To ensure the child’s rights in cases where there is a risk of conflicting interest between the child and the parent with custody, specific rules allow for independent rights for children or require administrative or judicial procedures where the authorities play an active part to safeguard the child. A child aged 12 and above will, for instance, have a right to his or her own lawyer in cases regarding interventions (against the parents’ will) in the child’s family life and all social welfare procedures the authorities must speak directly with the child to get the child’s perspective – and the parent cannot oppose this (Adolphsen, 2019).
In the latter years, different age limits have been introduced in different areas of the law, allowing children an independent right to bring a case before an administrative complaint board. This is, for instance, the case regarding both voluntary measures and involuntary measures from the Social Welfare authorities, where a child can complain from the age of 12, even though his/her consent is not required to deem the measure voluntary (Adolphsen, 2019).
Right to freedom
The ultimate right to participate in a democracy is expressed by voting rights. Children and adolescents are not allowed to vote for the Parliament, the Regional Council or the Municipal Council. Neither are they allowed to vote for the EU Parliament. The right to vote is obtained at the age of 18 (Hartoft, 2019).

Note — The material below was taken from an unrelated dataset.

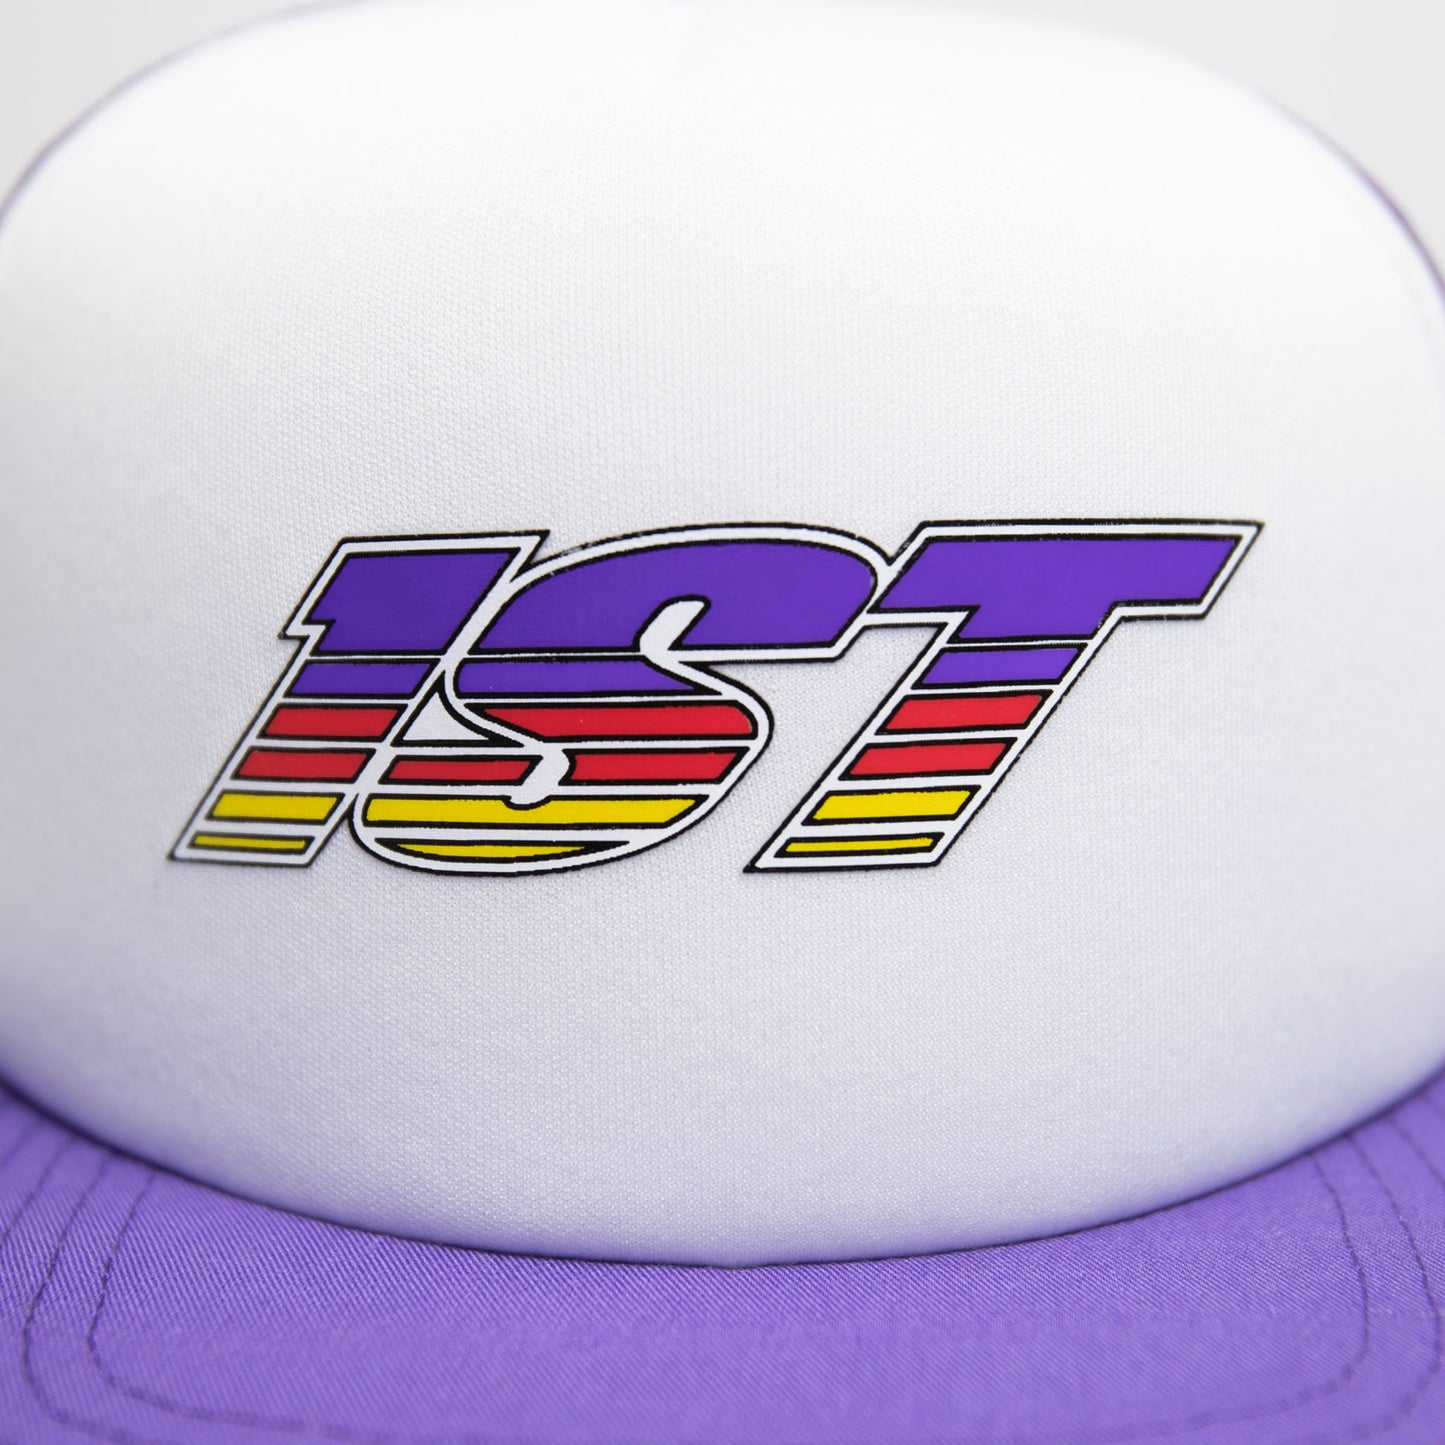 1ST "Racing" Trucker Hat
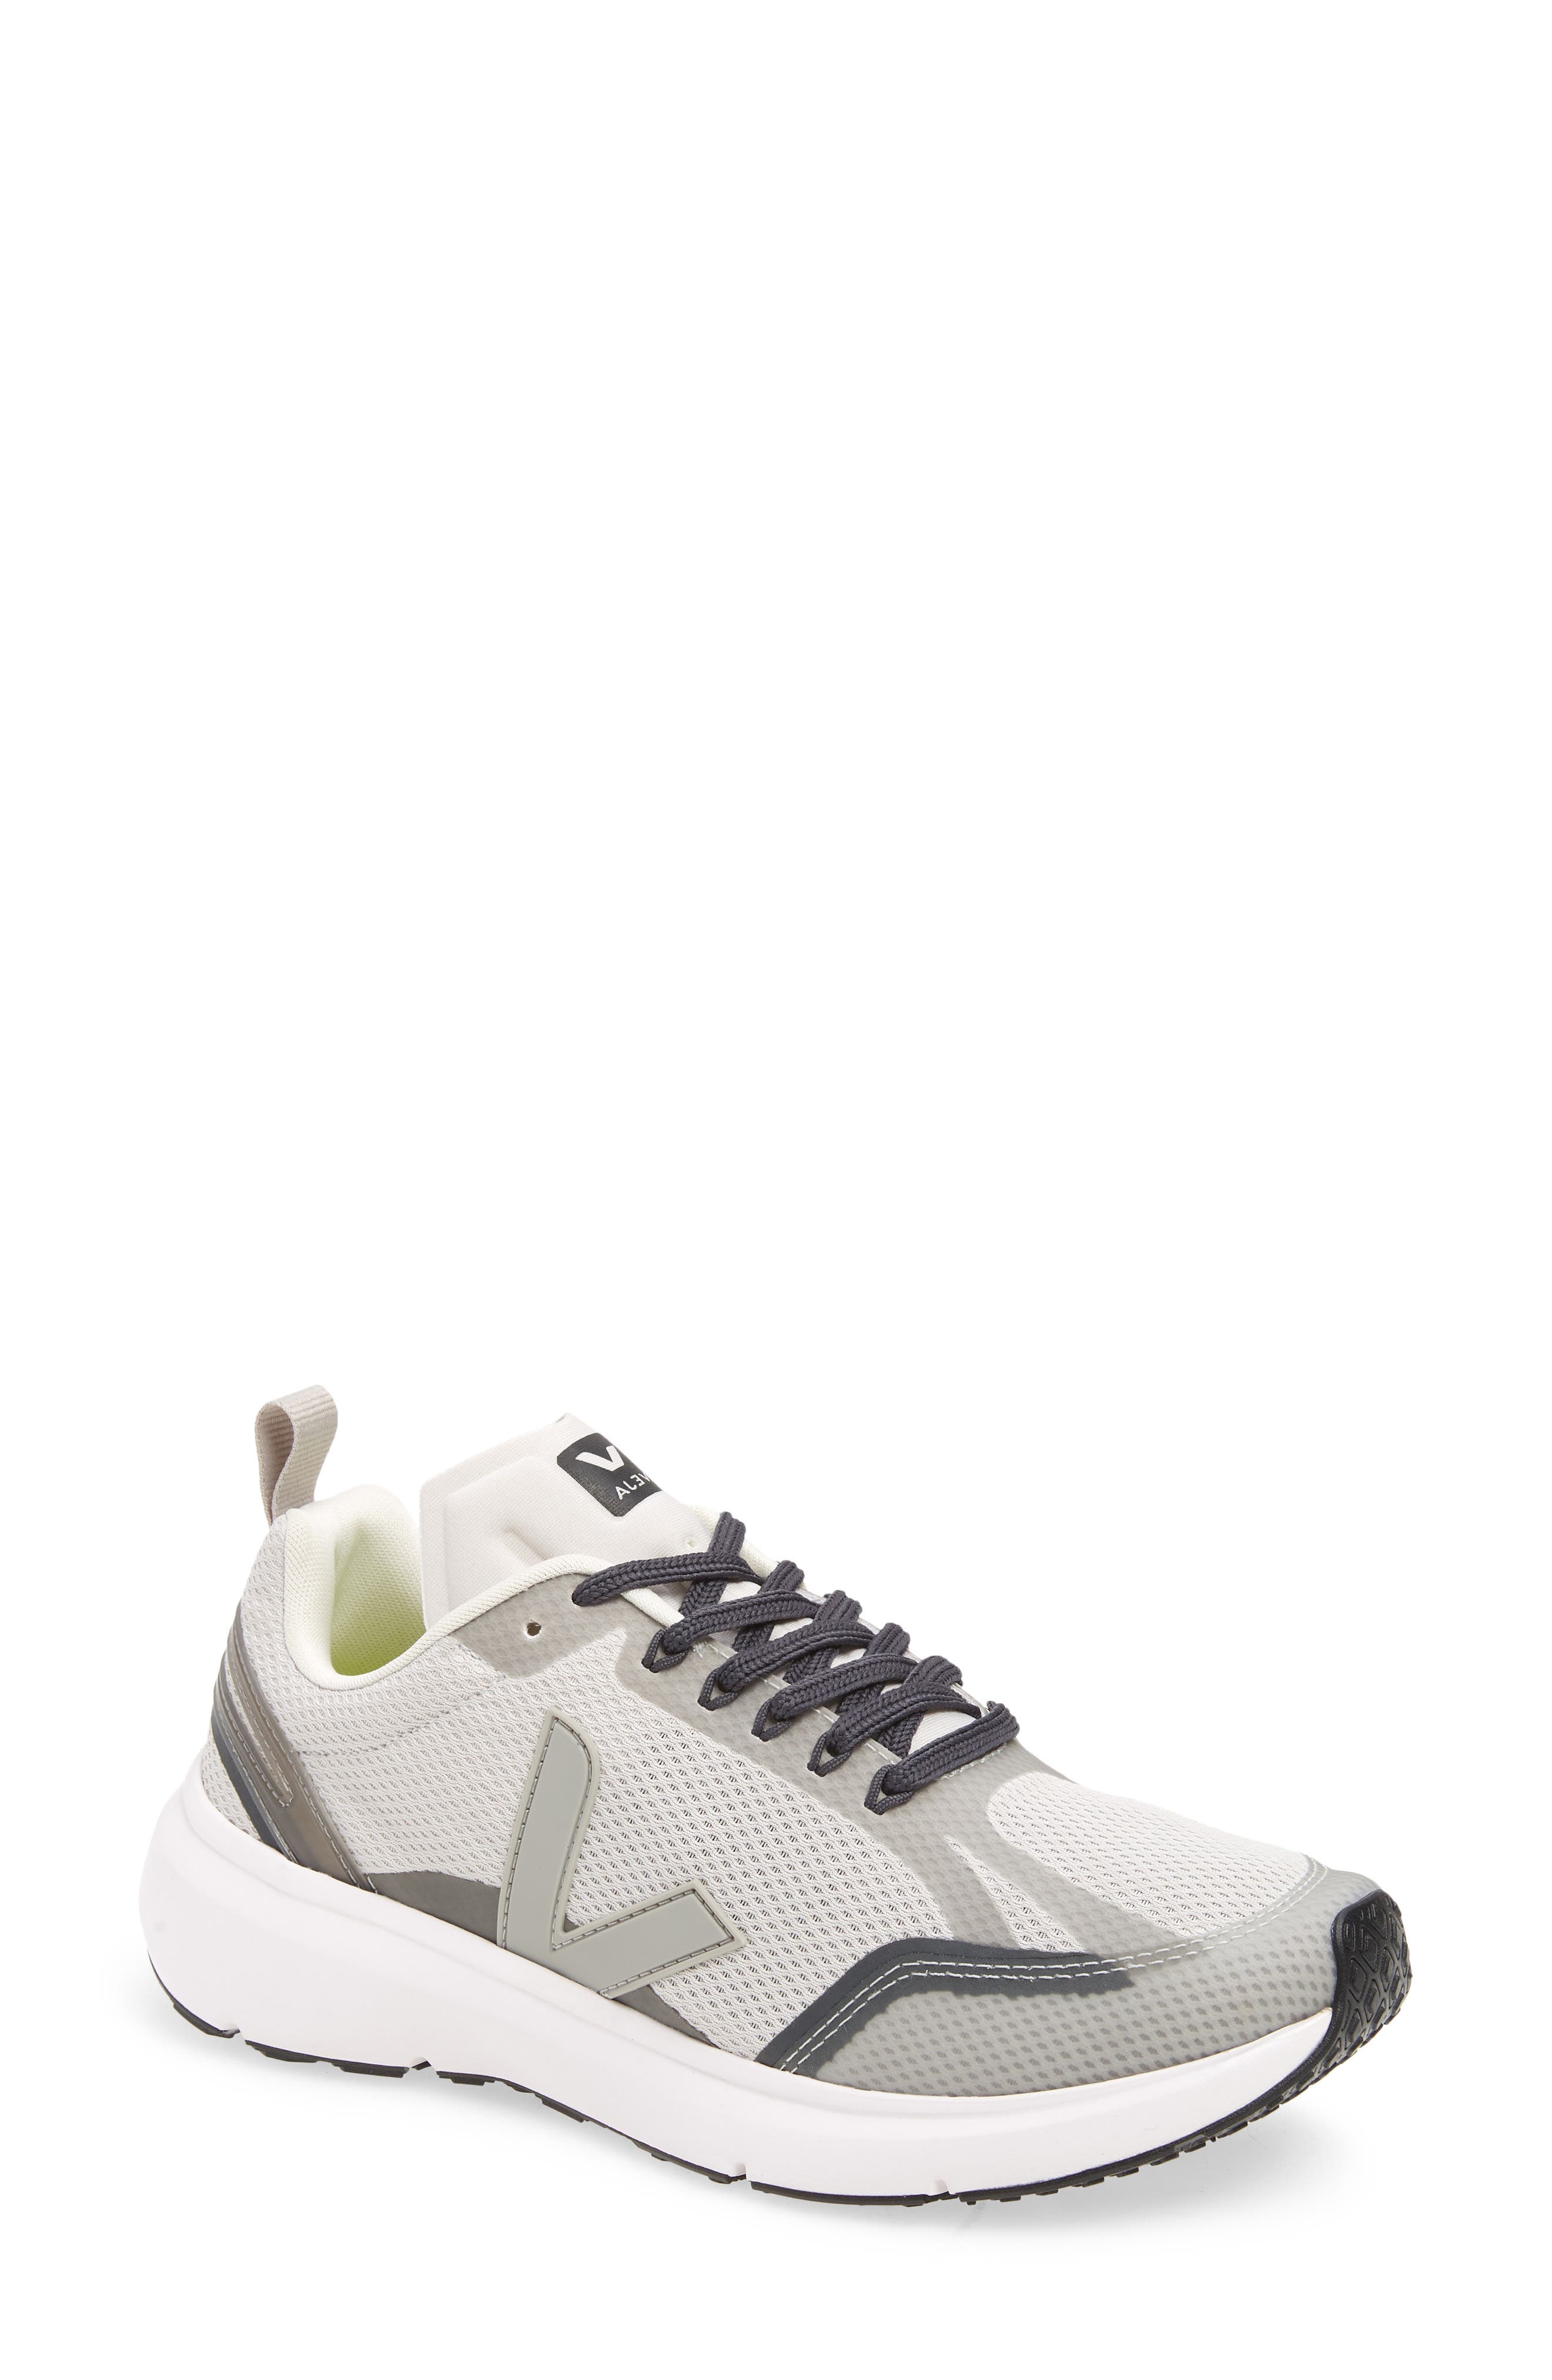 Veja Condor Sneaker in Light Grey/Oxford Grey at Nordstrom, Size 10Us

The voting age has been discussed several times in the Parliament and, most recently, in 2015– 2016. The proposal was that the voting age should be reduced to 16. This was motivated by the need to engage more young people in democracy and strengthen the participation of young people in elections. They are referred to in the report from the Electoral Commission. The debate in Parliament showed a large majority against changing the age of voting since matching the age of majority with the voting age seems already a good compromise (Hartoft, 2019).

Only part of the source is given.